» **PROBLEM TO SOLVE**
Once the pictures are set aside, transcribe the remaining data exactly.

━━ DATASET EXCERPT ━━

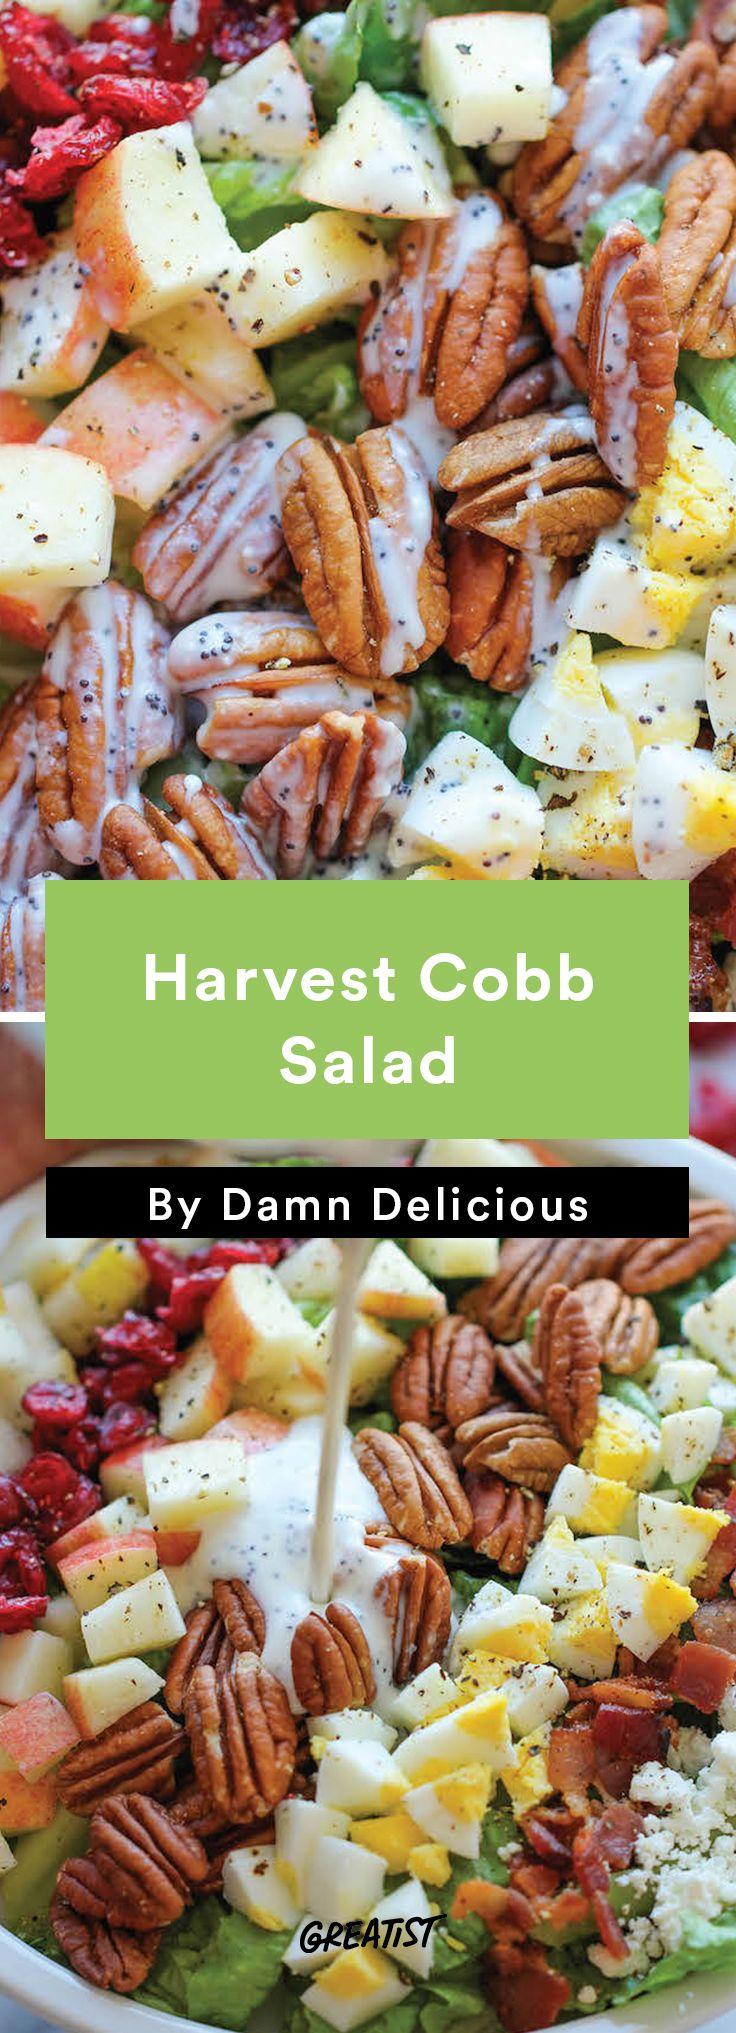 4. Harvest Cobb Salad #healthy #salads #fall http://greatist.com/eat/healthy-fall-salad-recipes
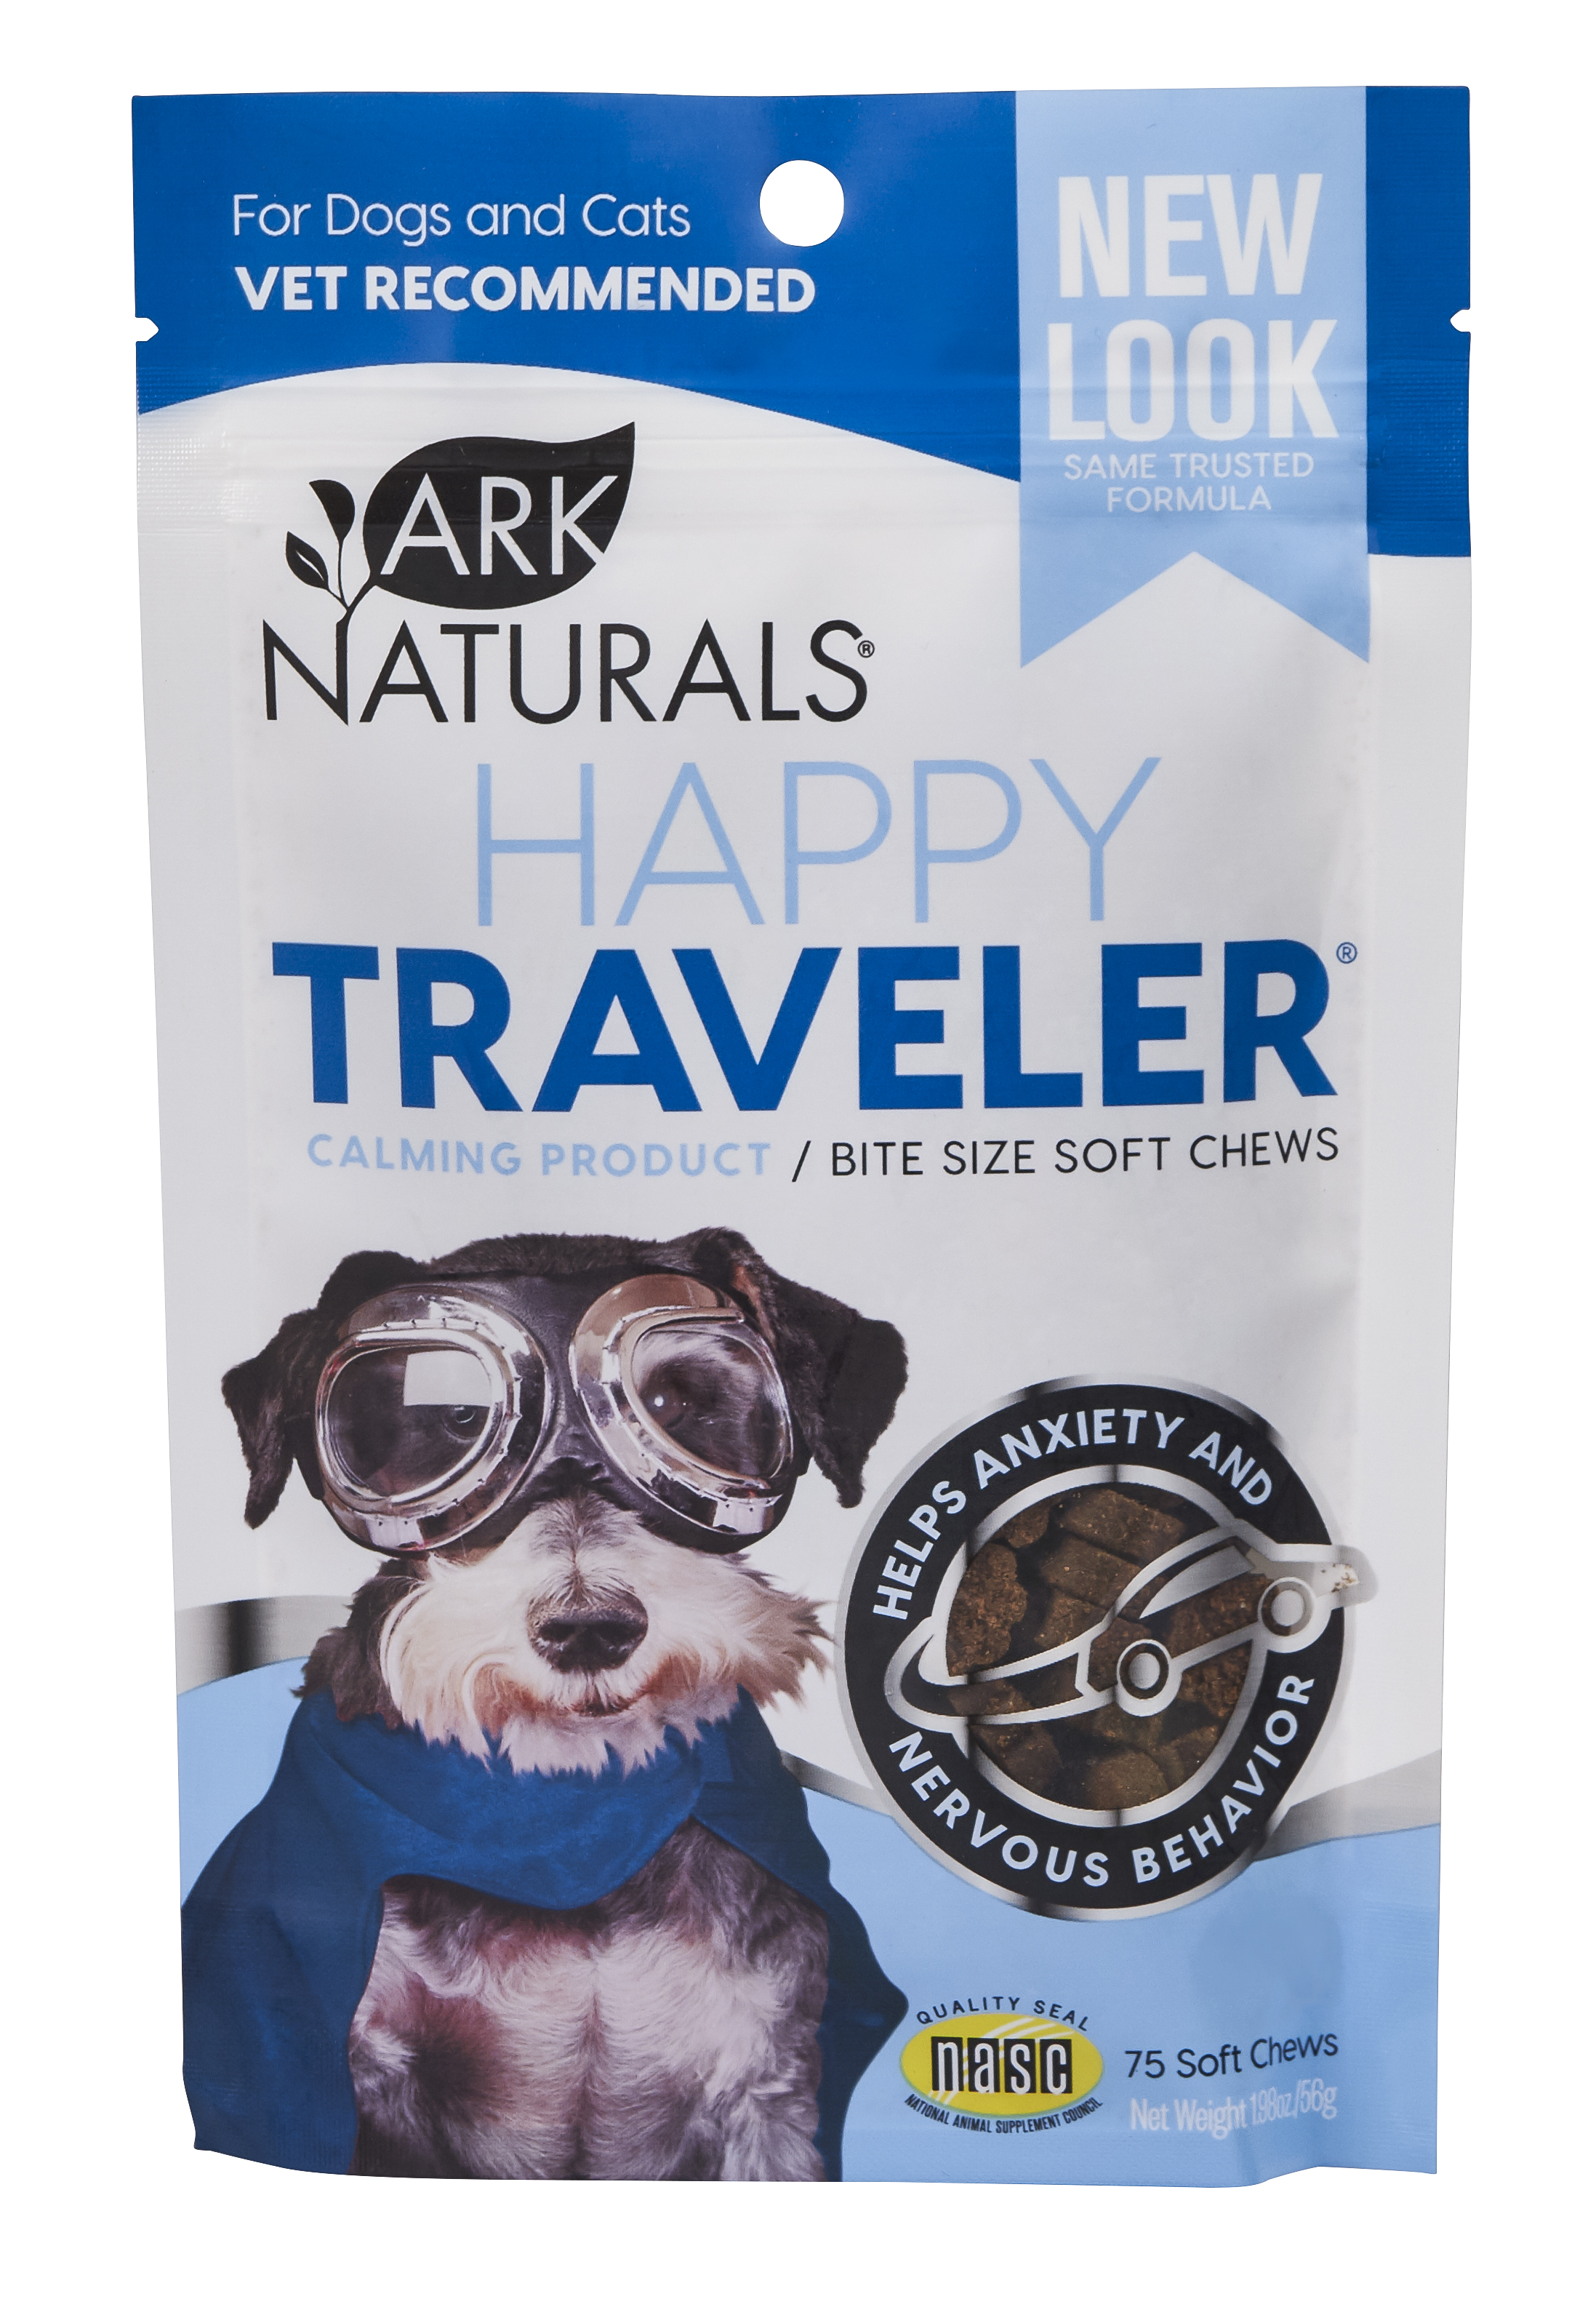 Ark Naturals Happy Traveler Dog & Cat Soft Chews, 75 count
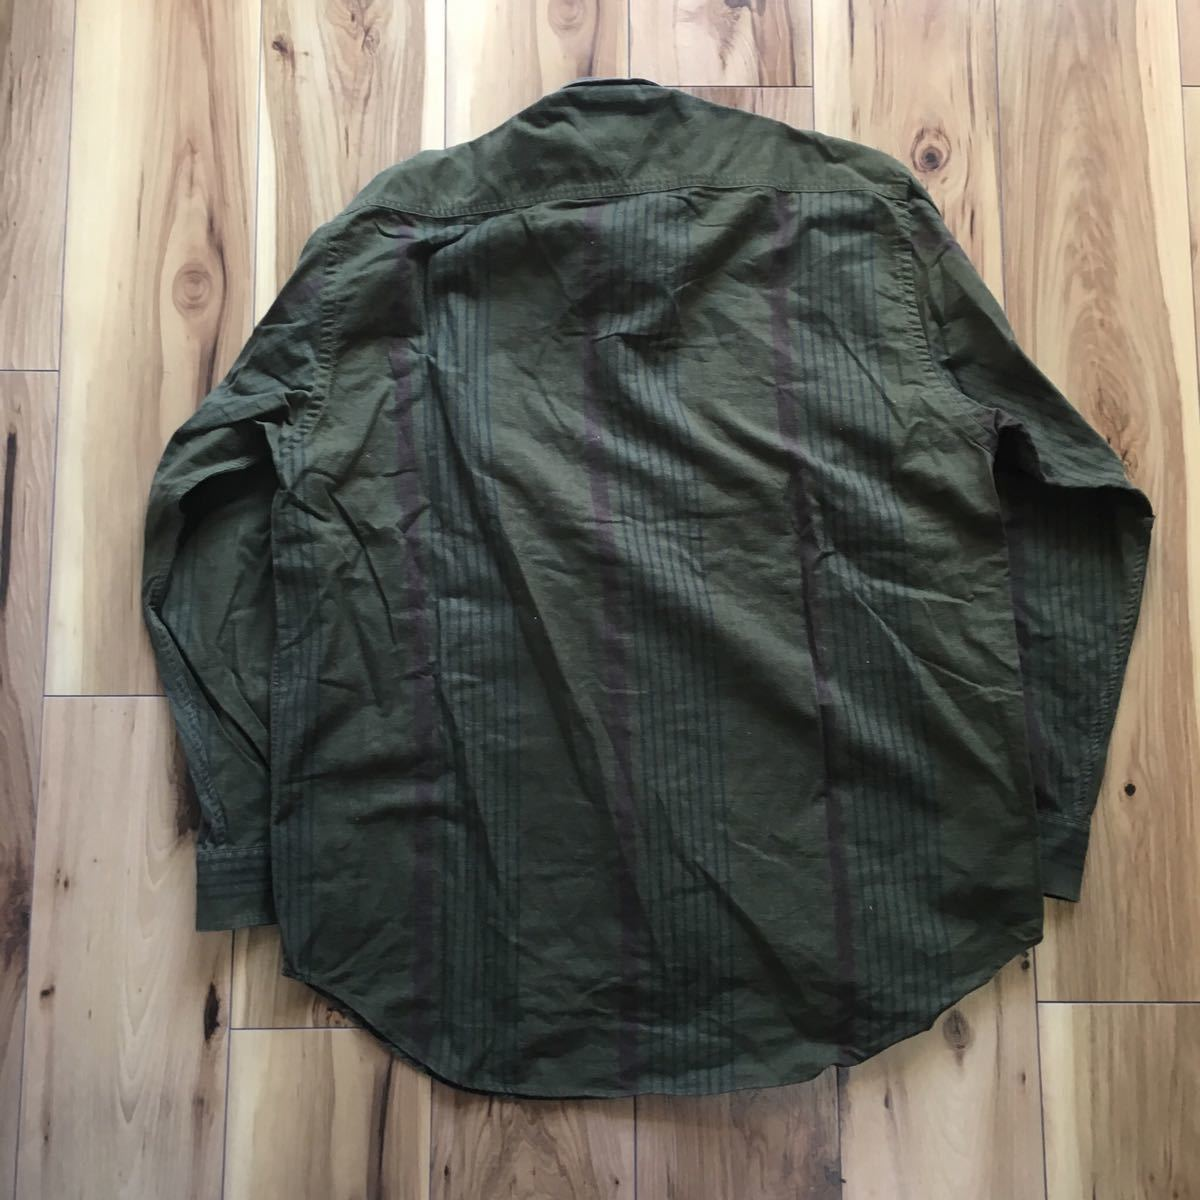 90s TOMMY HILFIGER 長袖シャツ メンズ 実寸 XL程度 カーキ トミーヒルフィガー BDシャツ ヴィンテージ ビンテージ 古着 ビッグサイズ B316_画像3

━━━

» **ANSWER SECTION**
 4. Harvest Cobb Salad #healthy #salads #fall http://greatist.com/eat/healthy-fall-salad-recipes
 Ark Naturals Happy Traveler Dog & Cat Soft Chews, 75 count
 90s TOMMY HILFIGER 長袖シャツ メンズ 実寸 XL程度 カーキ トミーヒルフィガー BDシャツ ヴィンテージ ビンテージ 古着 ビッグサイズ B316_画像3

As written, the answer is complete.